It’s probably linked to the Facebook IPO and the experience that for the first time since the early 1990’s I feel utterly out of touch with a profound shift that’s taking place in the media.

I just don’t use Facebook, not for any weird big-brother-control-freak-privacy-paranoia weirdness, I just don’t use it.

I’ve tried, I’ve got a Facebook page but it just doesn’t ‘engage‘ me. I probably got there once a month at the most.

Sure, it’s a great way of keeping in touch with my friends but I find when I re-meet an old friend I haven’t seen in a while, we catch up by gossiping, laughing and generally interacting in meat-space.

I personally find the internet is a great place to communicate with people I don’t know and will generally never meet.

I understand that I may have a hangover from old school media thinking, in some ways seeing these tools as a broadcast or publishing medium rather than a true form of social media where no one individual is a broadcaster, but making a show like Fully Charged is a very different experience from making a traditional TV show, broadcasting it and moving on.

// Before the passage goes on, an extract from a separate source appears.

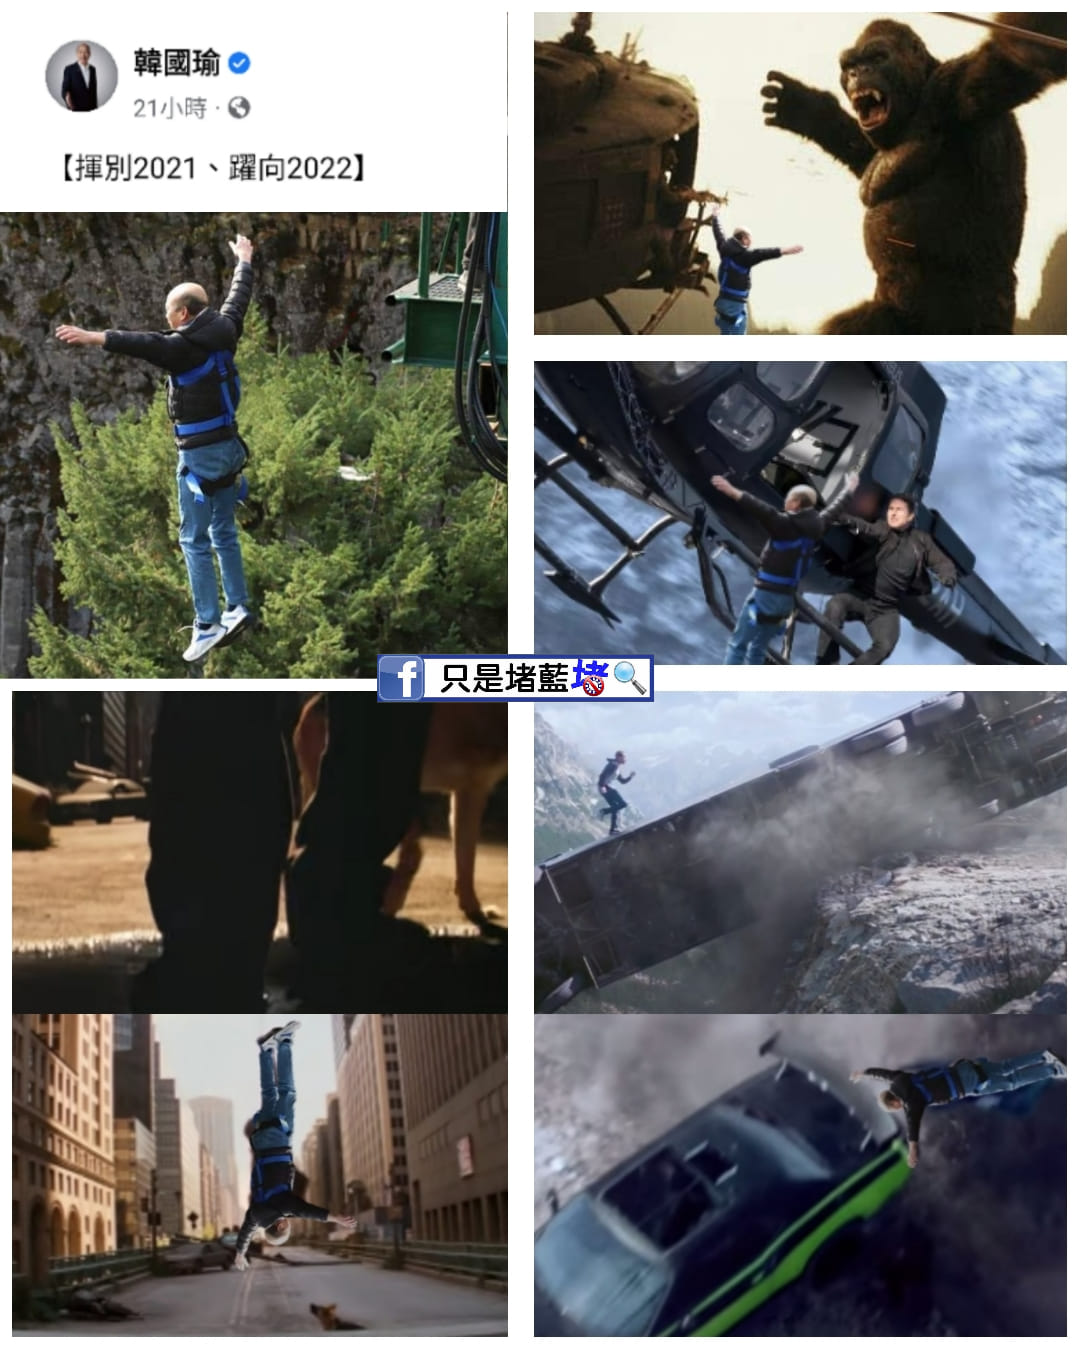 臉書賬號《只是堵藍》將韓國瑜高空彈跳的照片做成梗圖與臉書粉絲分享。 截取自《只是堵藍》臉書

I am still getting comments and interactions generated by Carpool and Fully Charged episodes I made two and three years ago. I am super aware of the audience reaction, of which particular shows are more popular, which are generally ignored.

But none of this happens of Facebook and obviously if I had any sense, it should. That, lets face it, is where the vast majority of the worlds net connected mobile using population go, every day, all the time.

the people I know, particularly of my generation have adopted Facebook with ease, they are all nattering away to each other all the time.

Not only that, but every company I’ve ever heard of has a Facebook page, even the BBC uses Facebook as the online presence of their long running radio and TV series.

Indeed there is both a Carpool and Fully Charged Facebook page, you’ll be able to find it easier than me. It makes no sense that I don’t use them, they’ve been set up for me by people who know how to use Facebook, I’ve seen the pages and know I should update them, feed stuff into them.

I never do.

So does this mean I’m a massive fail at Facebook and I’m being left behind like a tragic, befuddled old bloke outside the massive party that everyone’s attending.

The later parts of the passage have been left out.